(Data shown)
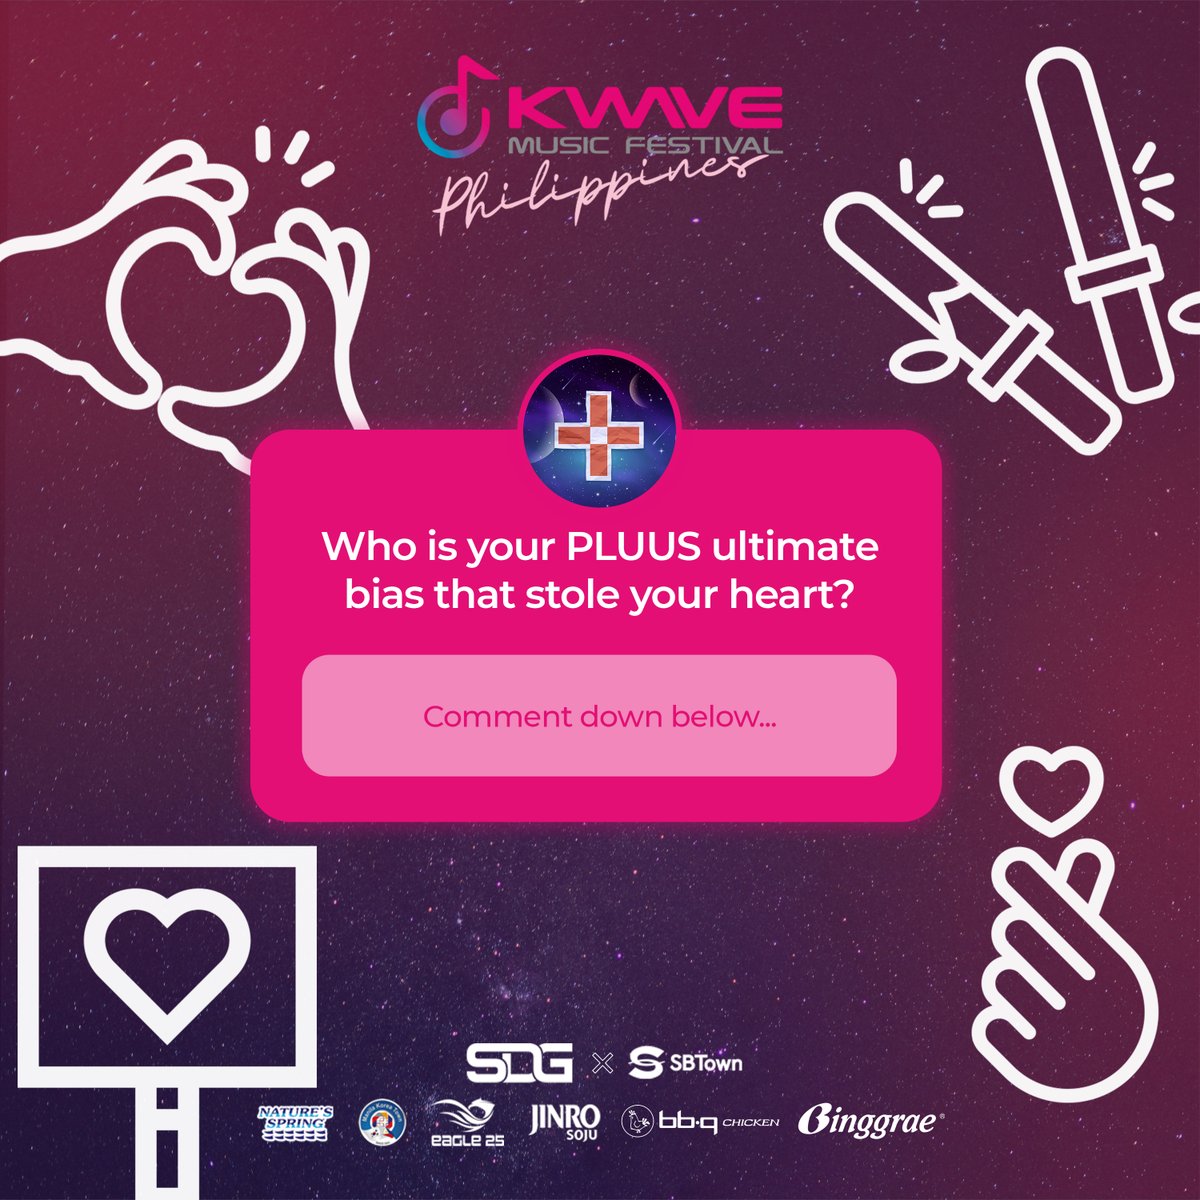 La, la, la, la, la, la~ We know who will complete your universe, KWAVERS!

Have you discovered your ultimate bias from @pluus_official yet? If not, don't miss out on their electrifying performances on May 11! 🎶

#PLUUS #KWAVEPH #AbsolutelyLibre #KWAVEMusicFestival #KWAVE
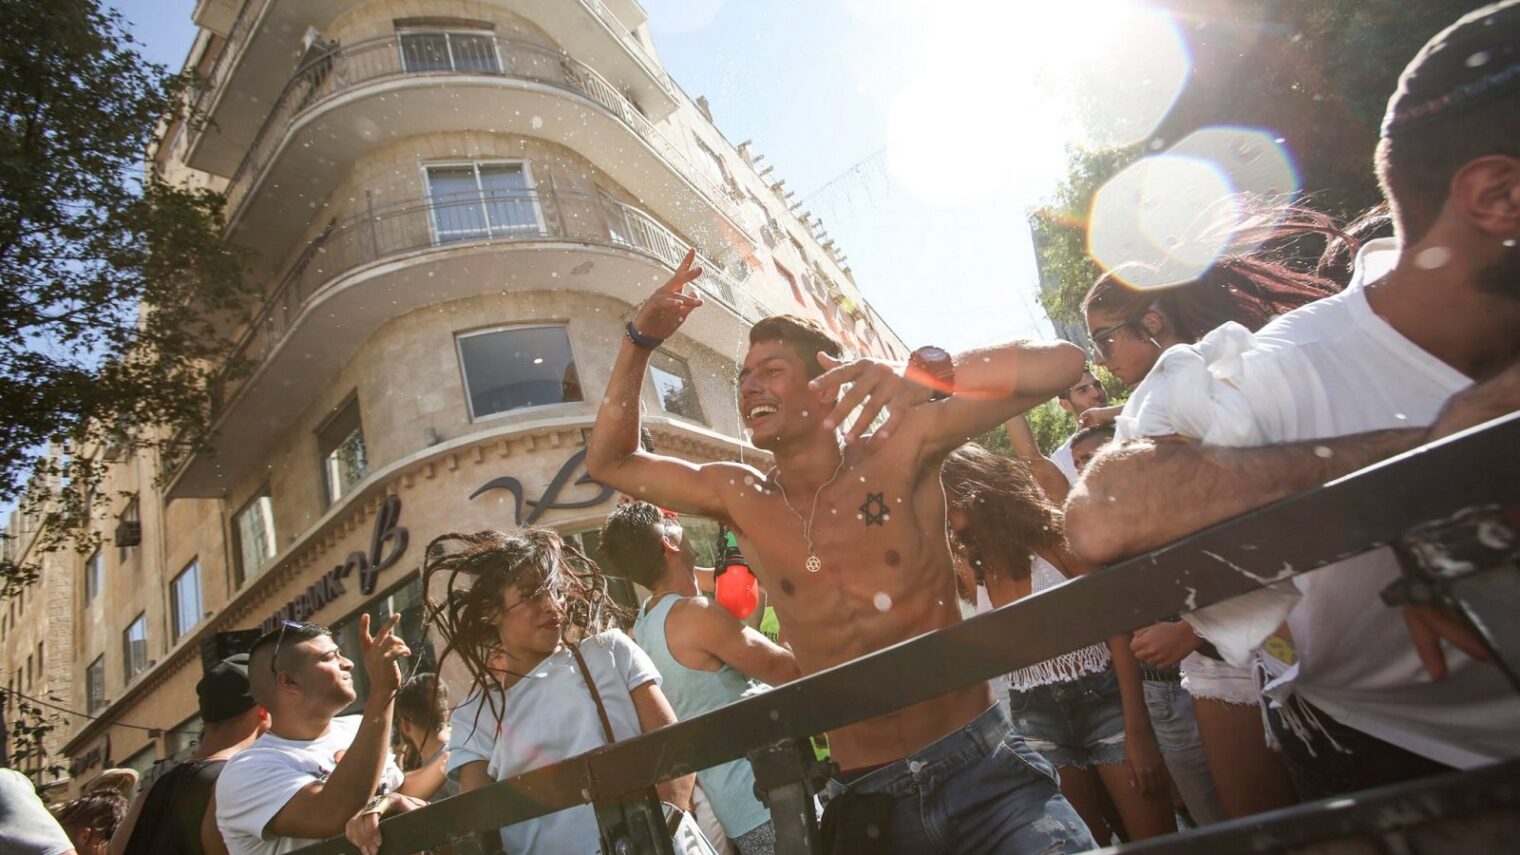 Because people in Israel know how to party. Israelis enjoy dancing at a party in Ben Yehuda Street in Jerusalem. Photo by Shlomi Cohen/FLASH90
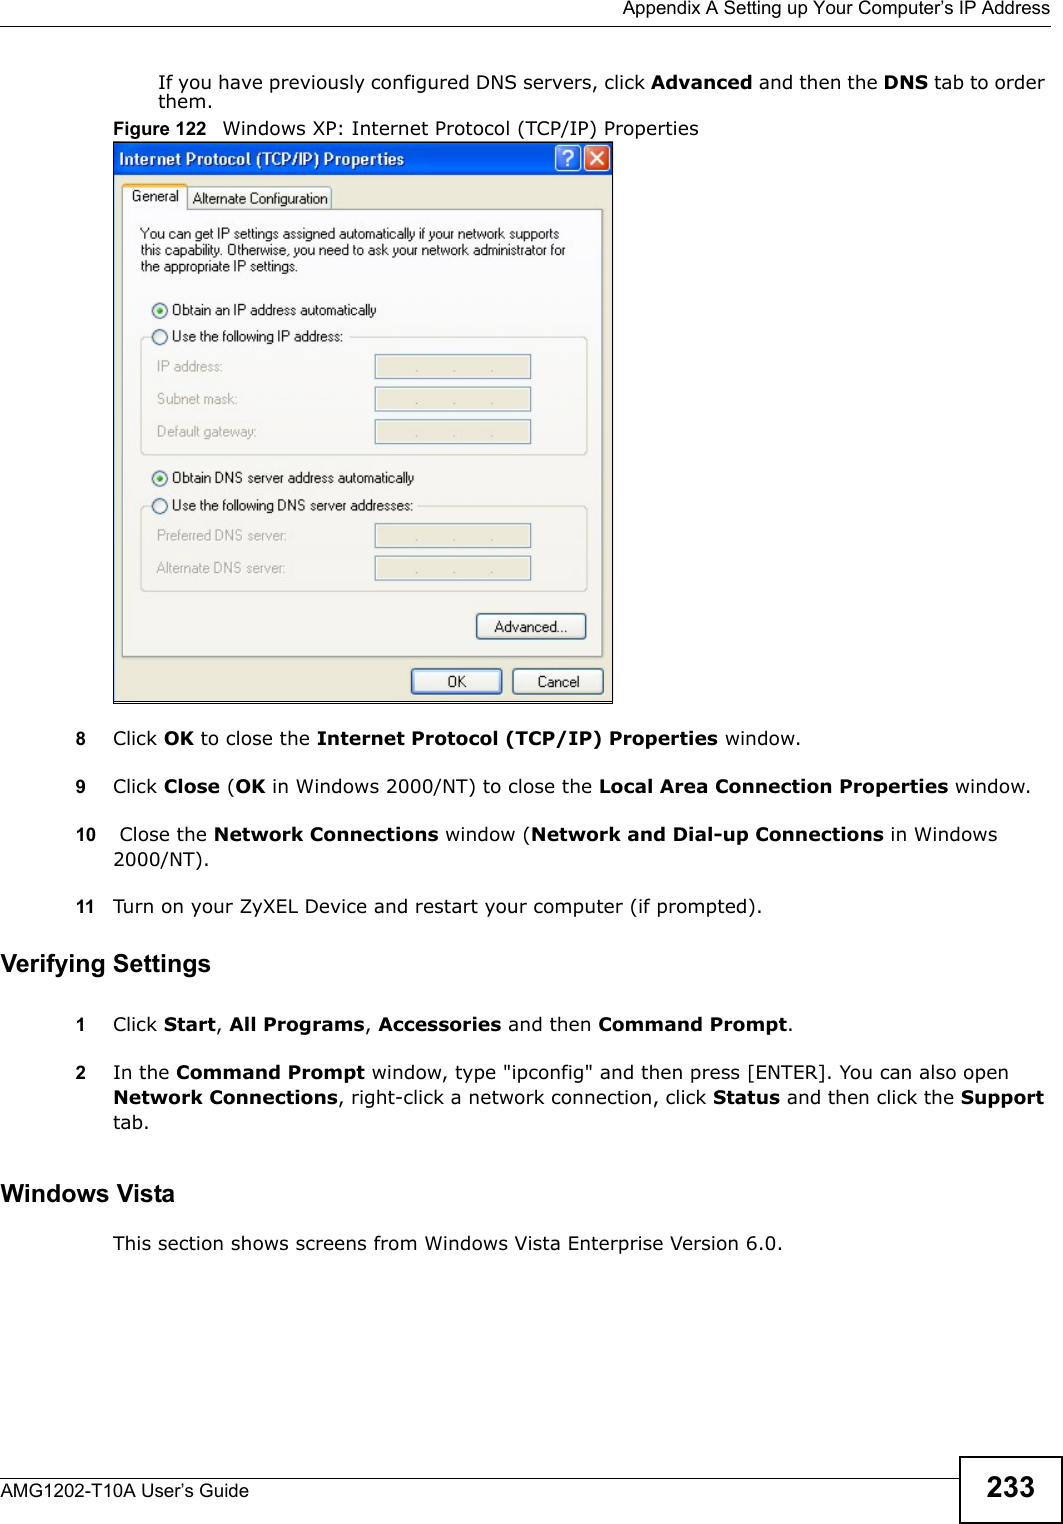  Appendix A Setting up Your Computer’s IP AddressAMG1202-T10A User’s Guide 233If you have previously configured DNS servers, click Advanced and then the DNS tab to order them.Figure 122   Windows XP: Internet Protocol (TCP/IP) Properties8Click OK to close the Internet Protocol (TCP/IP) Properties window.9Click Close (OK in Windows 2000/NT) to close the Local Area Connection Properties window.10  Close the Network Connections window (Network and Dial-up Connections in Windows 2000/NT).11 Turn on your ZyXEL Device and restart your computer (if prompted).Verifying Settings1Click Start, All Programs, Accessories and then Command Prompt.2In the Command Prompt window, type &quot;ipconfig&quot; and then press [ENTER]. You can also open Network Connections, right-click a network connection, click Status and then click the Support tab.Windows VistaThis section shows screens from Windows Vista Enterprise Version 6.0.
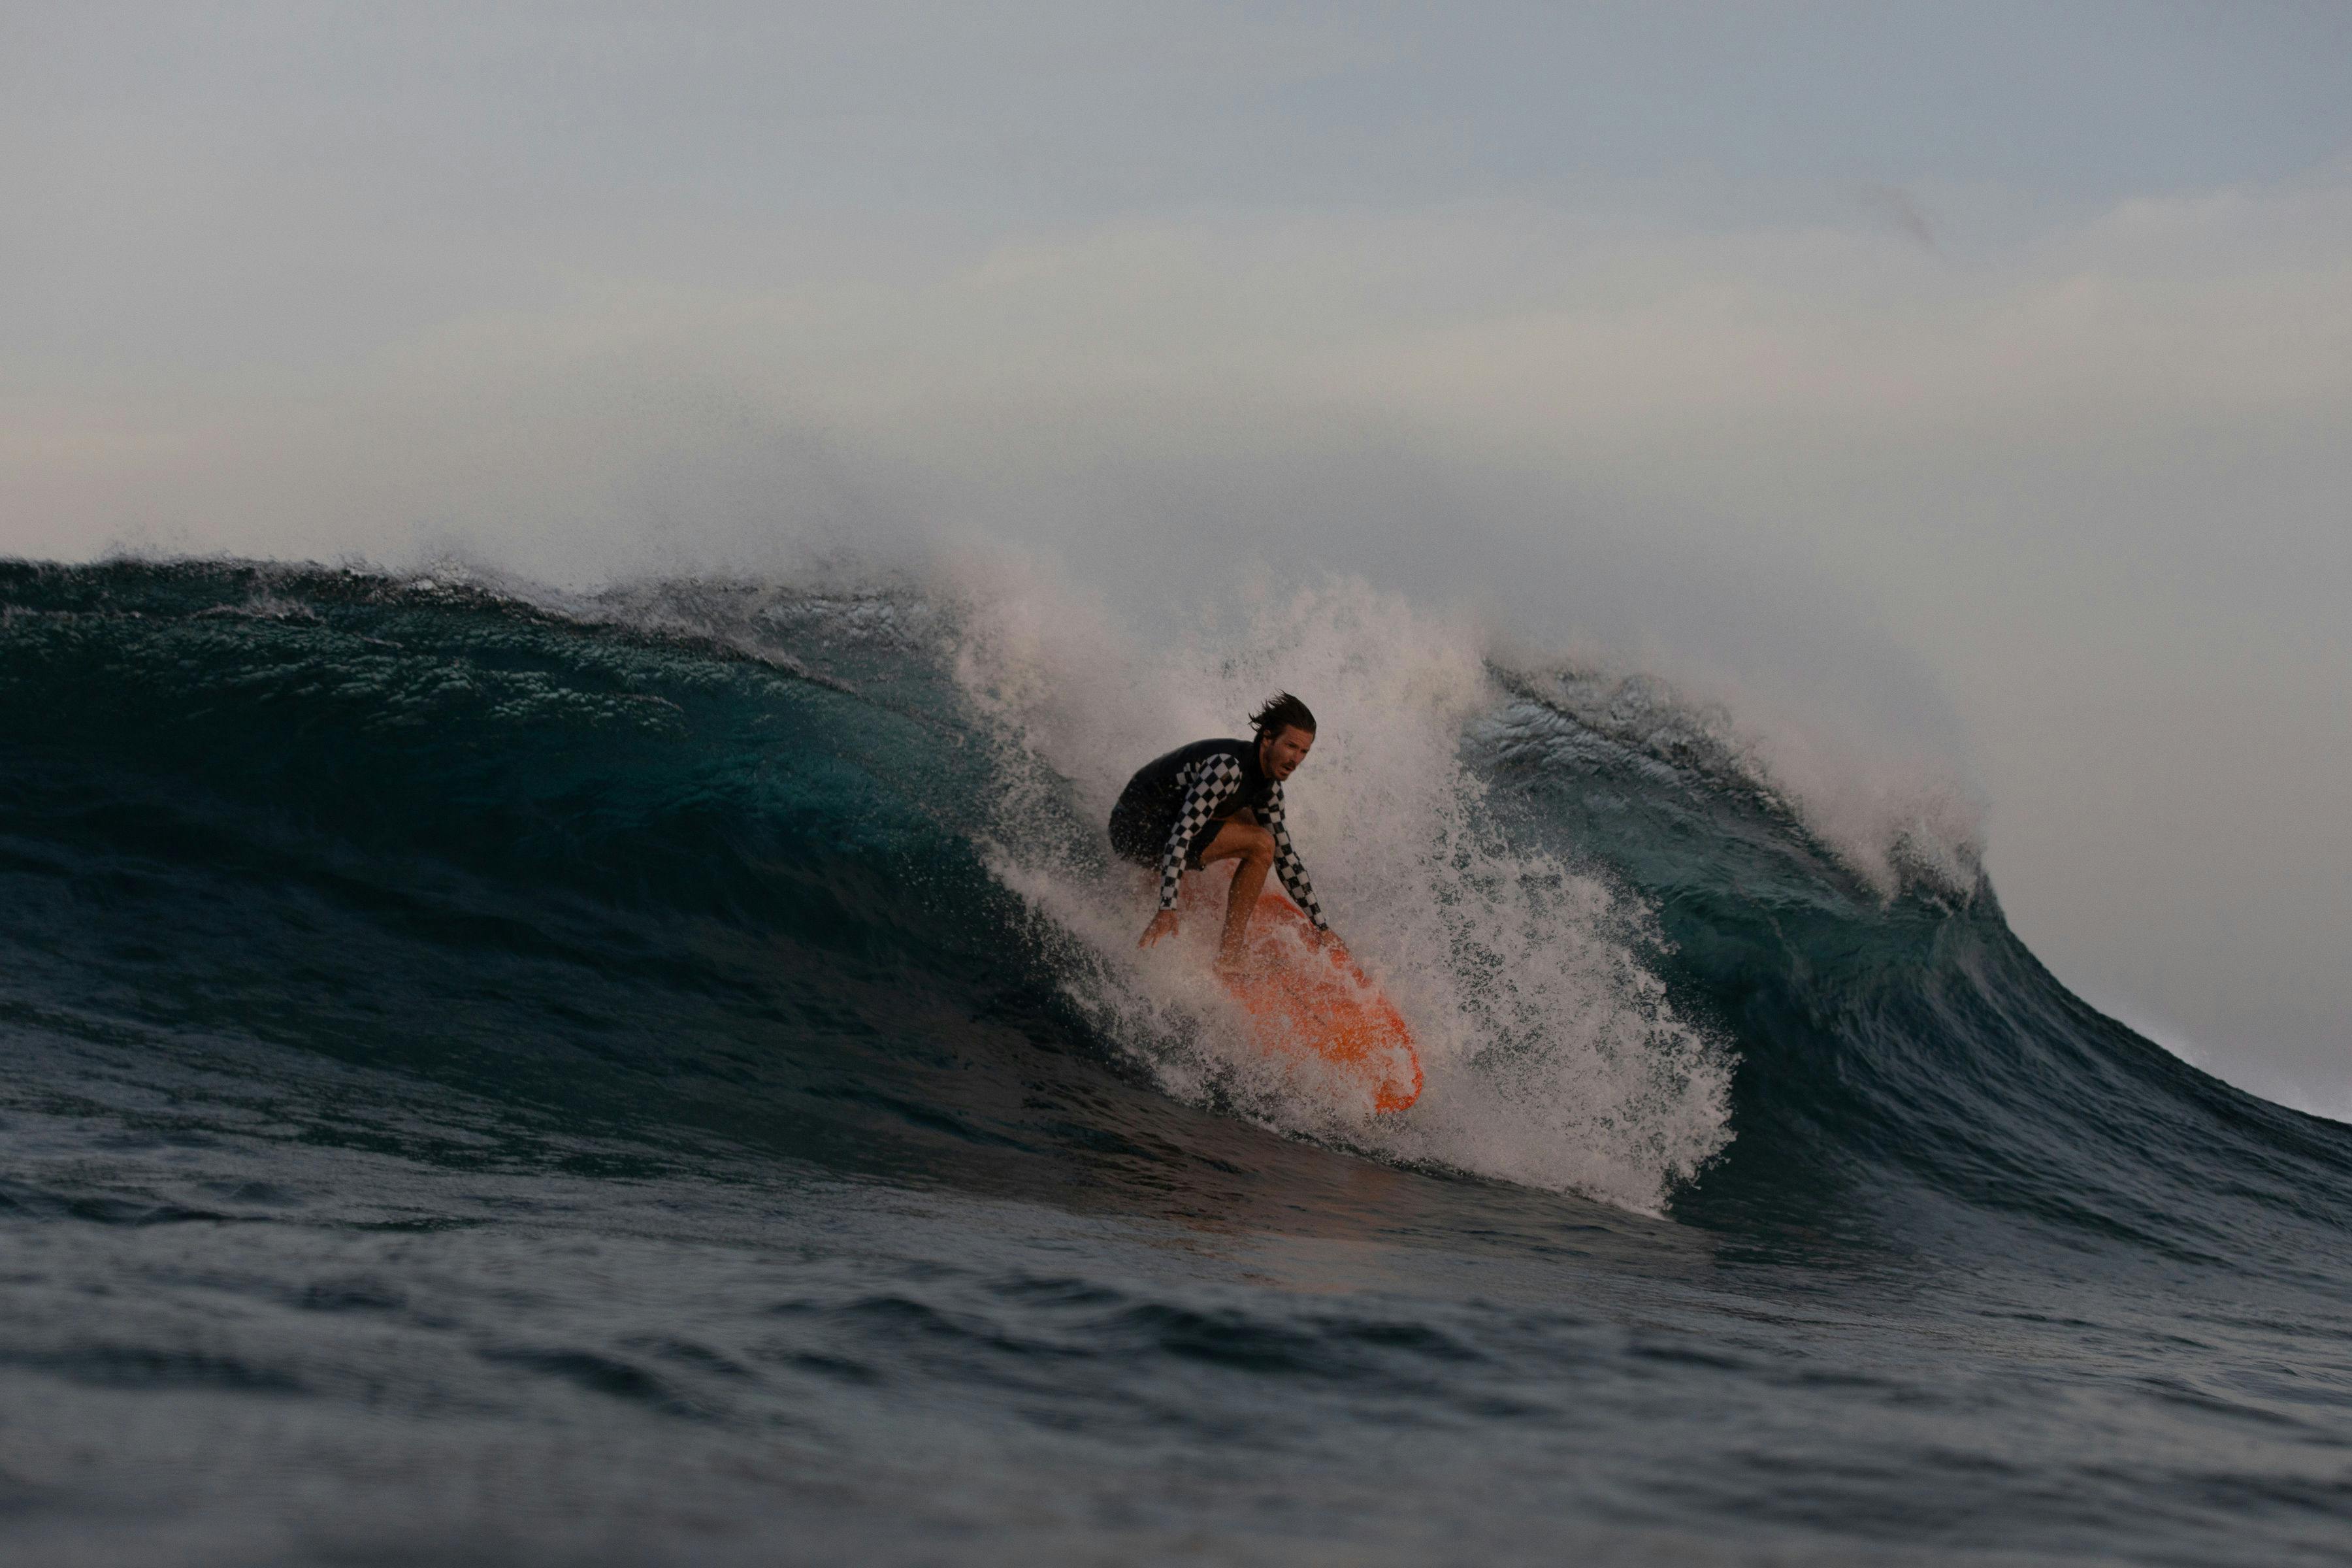 Jorge Abian surfing in the Maldives
(End Data shown)
#### Assigned task:
Each line above should be returned exactly as written, apart from any pictures.

#### Response:
 La, la, la, la, la, la~ We know who will complete your universe, KWAVERS!

Have you discovered your ultimate bias from @pluus_official yet? If not, don't miss out on their electrifying performances on May 11! 🎶

#PLUUS #KWAVEPH #AbsolutelyLibre #KWAVEMusicFestival #KWAVE
 Because people in Israel know how to party. Israelis enjoy dancing at a party in Ben Yehuda Street in Jerusalem. Photo by Shlomi Cohen/FLASH90
  Appendix A Setting up Your Computer’s IP AddressAMG1202-T10A User’s Guide 233If you have previously configured DNS servers, click Advanced and then the DNS tab to order them.Figure 122   Windows XP: Internet Protocol (TCP/IP) Properties8Click OK to close the Internet Protocol (TCP/IP) Properties window.9Click Close (OK in Windows 2000/NT) to close the Local Area Connection Properties window.10  Close the Network Connections window (Network and Dial-up Connections in Windows 2000/NT).11 Turn on your ZyXEL Device and restart your computer (if prompted).Verifying Settings1Click Start, All Programs, Accessories and then Command Prompt.2In the Command Prompt window, type &quot;ipconfig&quot; and then press [ENTER]. You can also open Network Connections, right-click a network connection, click Status and then click the Support tab.Windows VistaThis section shows screens from Windows Vista Enterprise Version 6.0.
 Jorge Abian surfing in the Maldives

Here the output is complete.